Friday, December 07, 2012

Henrik Juel - Social Media and the Dialectic of Enlightenment


This intriguing article comes from Triple C (cognition, communication, co-operation), an open access journal for a global sustainable information society - Vol 10, No 2 (2012).

Henrik Juel 

Abstract 

My reflections in this paper concern revitalizing the critical potential of certain core concepts of Max Horkheimer and Theodor W. Adorno's Dialectic of Enlightenment (first published 1944) and bringing it to bear on the digital era in general and in particular on the phenomenon of modern social media. I find that the central philosophical critique of Dialectic of Enlightenment runs deeper than just a critique of contemporary (and perhaps now out-dated) media technique and cultural habits. It is a critical view of the process of civilization, economy and enlightenment as such, a critical view of the seemingly self-evident notion of pure reason, science and technology. What Horkheimer and Adorno are trying to capture and reflect is the very process of rationality backlashing into irrationality. We seem to have reached the era of mathematics and exact calculation, but this leaves us with no sense of control or meaningfulness, and in the face of crisis and systemic contradictions in the now global society we tend to regress and rely on older, more primitive forms of sense-making and coping: magic, mythology and metaphysics - even ritual behaviour. But these philosophical reflections, can they help us evaluate the role of today's social media?

Full Text: PDF

Here is a brief excerpt from the article:
For me as a young student of philosophy even that strange notion of dialectic began to make some sense, once I got well into the book and the worst of the Hegelian fog lifted. Thus while it was invigorating and enlightening, I also felt the dialectic of it and I found its account of history, civilization, and rationality to be both quite captivating and disturbing. And certainly it was a very, very critical philosophy. So what would happen if I tried to let the critical theory of that book meet with the phenomenon of modern social media?
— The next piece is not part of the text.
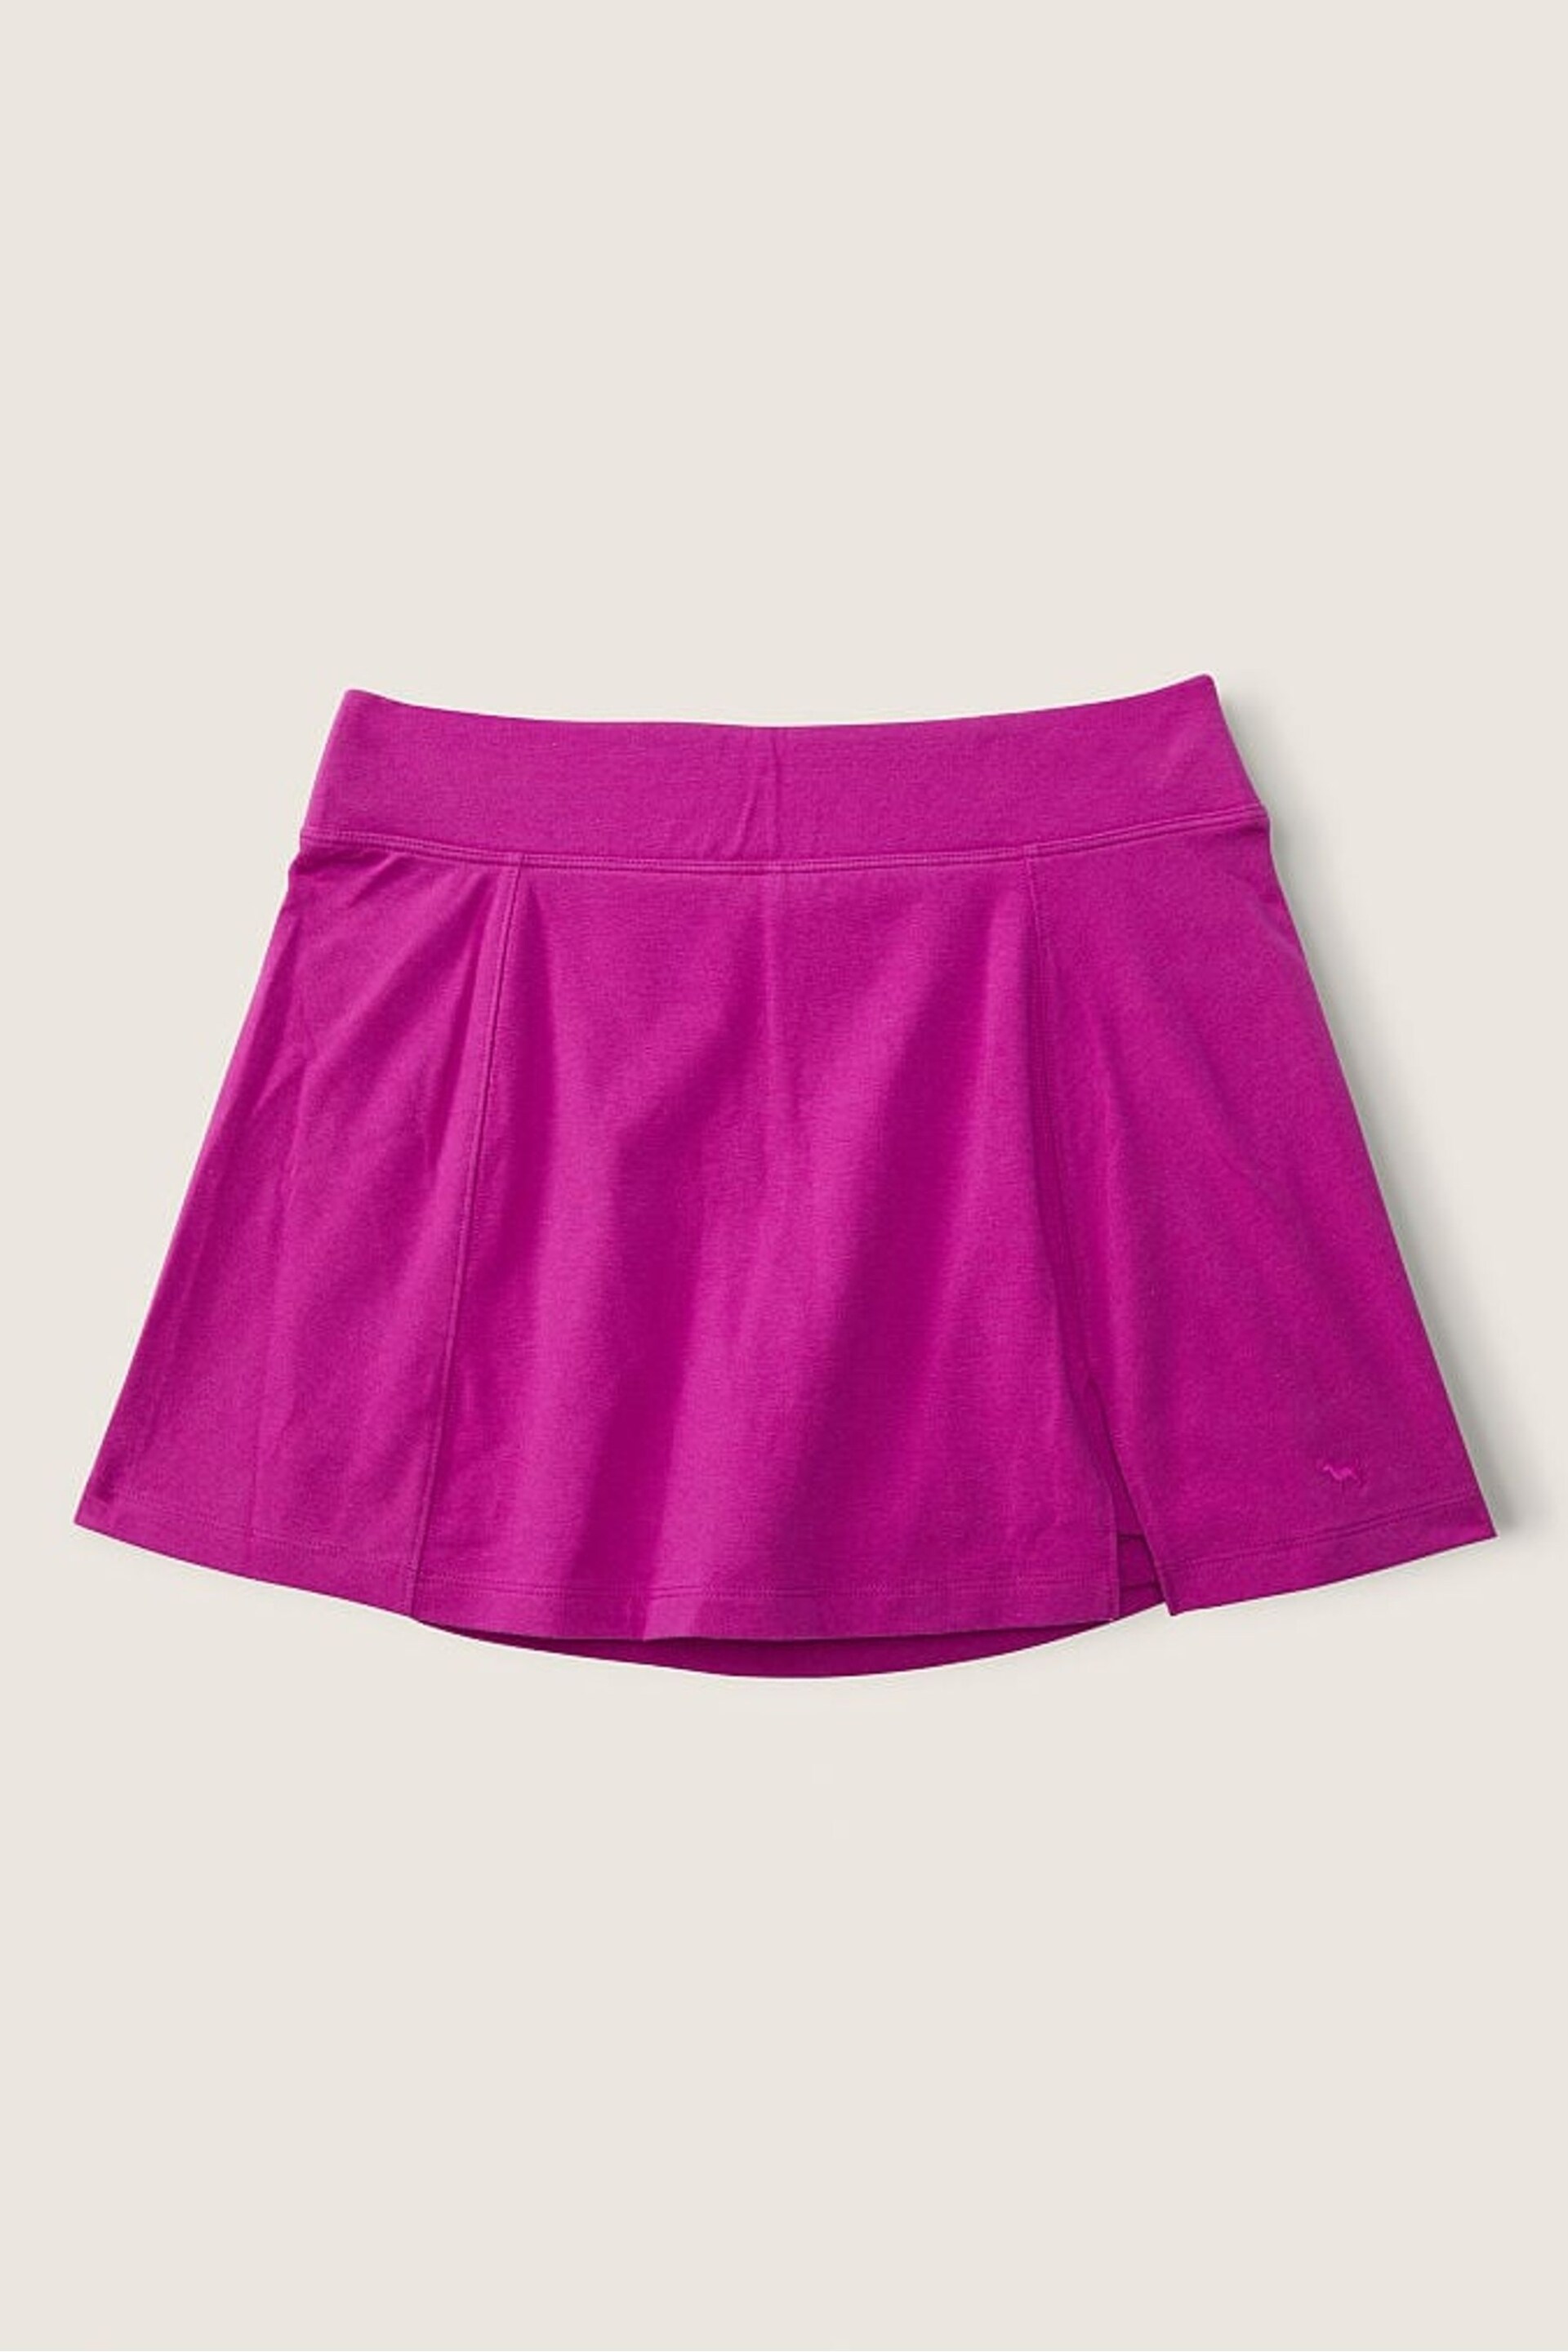 Victoria's Secret PINK Dahlia Magenta Pink Cotton Active Skirts - Image 4 of 4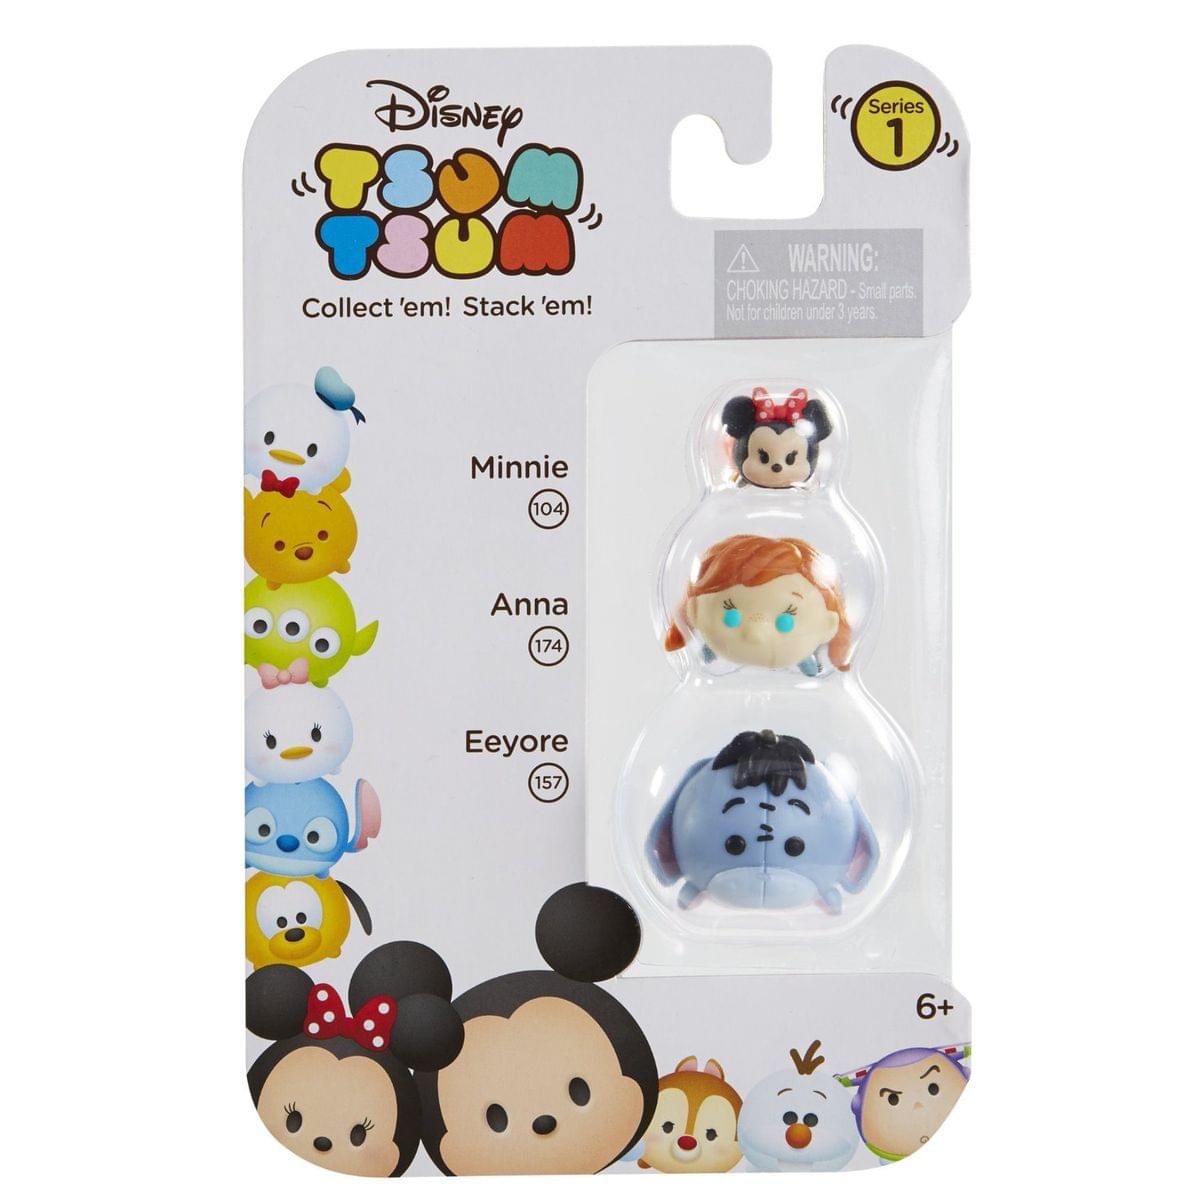 Disney Tsum Tsum 3 Pack: Minnie, Anna, Eeyore

On the face of it that did not seem likely to turn out as a peaceful encounter. It is well known that The Dialectic of Enlightenment features a very pessimistic and condemning section devoted to "The Culture Industry". Horkheimer and Adorno wrote the book during the Second World War while they were refugees in America (the first version appeared in 1944), and they seem to have been rather disappointed or even shocked in meeting there the pop-culture and mass media of the day. To them the magazines, the cinema, the radio shows, the emerging TV-shows, and even the jazz music, seemed to be in the poorest of taste; stupefying in its effect; a prolongation of the production rhythm of the industry; and certainly not enlightenment. Some have objected that on the other hand they were simply displaying their elitist taste, favouring high art, the avant-garde and the obscure notion of authenticity. But as I see it, simplifying this to be a question of taste or of different modes of reception within different consumer groups would be to seriously reduce the scope of the problems they were trying to address.